When you think of a “typical;” alcoholic what comes to mind? A hobo on the street drinking hard liquor of 40-ounce Olde English 800s? A rich guy drinking his stress away on $100 bottles of wine? A recent British think tank would like family physicians of middle class families thinks they need to provide them greater scrutiny.
Family doctors should question patients about how much they drink, in order to expose middle class bad habits, a leading think tank has said.
A report to be published on Monday will say eight million professionals are routinely drinking too much alcohol, and endangering their health, even though they do not binge drink or get drunk.
It calls for new checks, so that GPs quiz all patients about their drinking habits, first at the age of 30, and again as part of general health checks which occur every five years from the age of 40.

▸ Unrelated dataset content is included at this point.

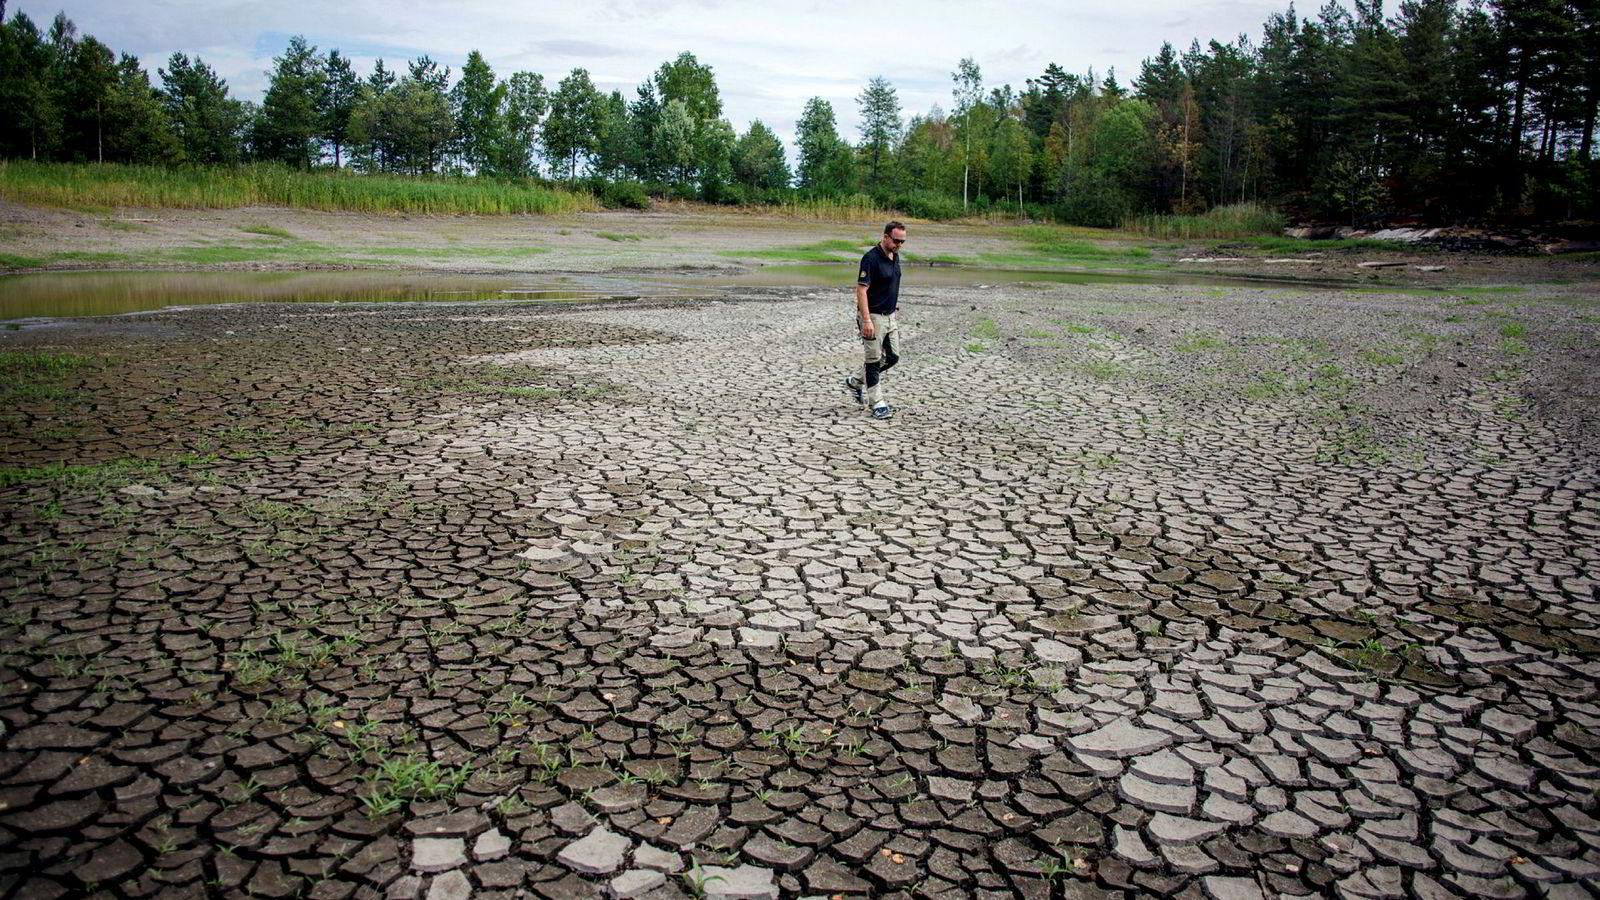 De fleste golfklubbene i Norge har egne vanndammer som de bruker til å vanne. Nøtterøy golfklubb har to, men nå er den ene så å si tom.

If GPs were to carry out the service, their earnings could increase as a result, because they are paid for how they perform against national health targets.
The report, by 2020 Health, a center-right think tank, says many middle class drinkers are not aware of the risks of their evening tipple, with couples who share a bottle of wine over dinner most evenings unwittingly increasing their chances of cancer and strokes.
In its poll of family doctors, 80 per cent thought patients ought to be asked about their drinking habits, but just 20 per cent currently ask the question.
Government advice states men should drink no more than four units a day and women no more than three. A large 250ml glass of wine is classed as three units, as is a pint of continental lager.
Studies have found that drinking six drinks a day increases the risk of liver disease sevenfold and triples the chance of stroke, while for women, it doubles the risk of breast cancer.
Research has found that the middle-classes are more likely to exceed recommended limits than those on lower incomes.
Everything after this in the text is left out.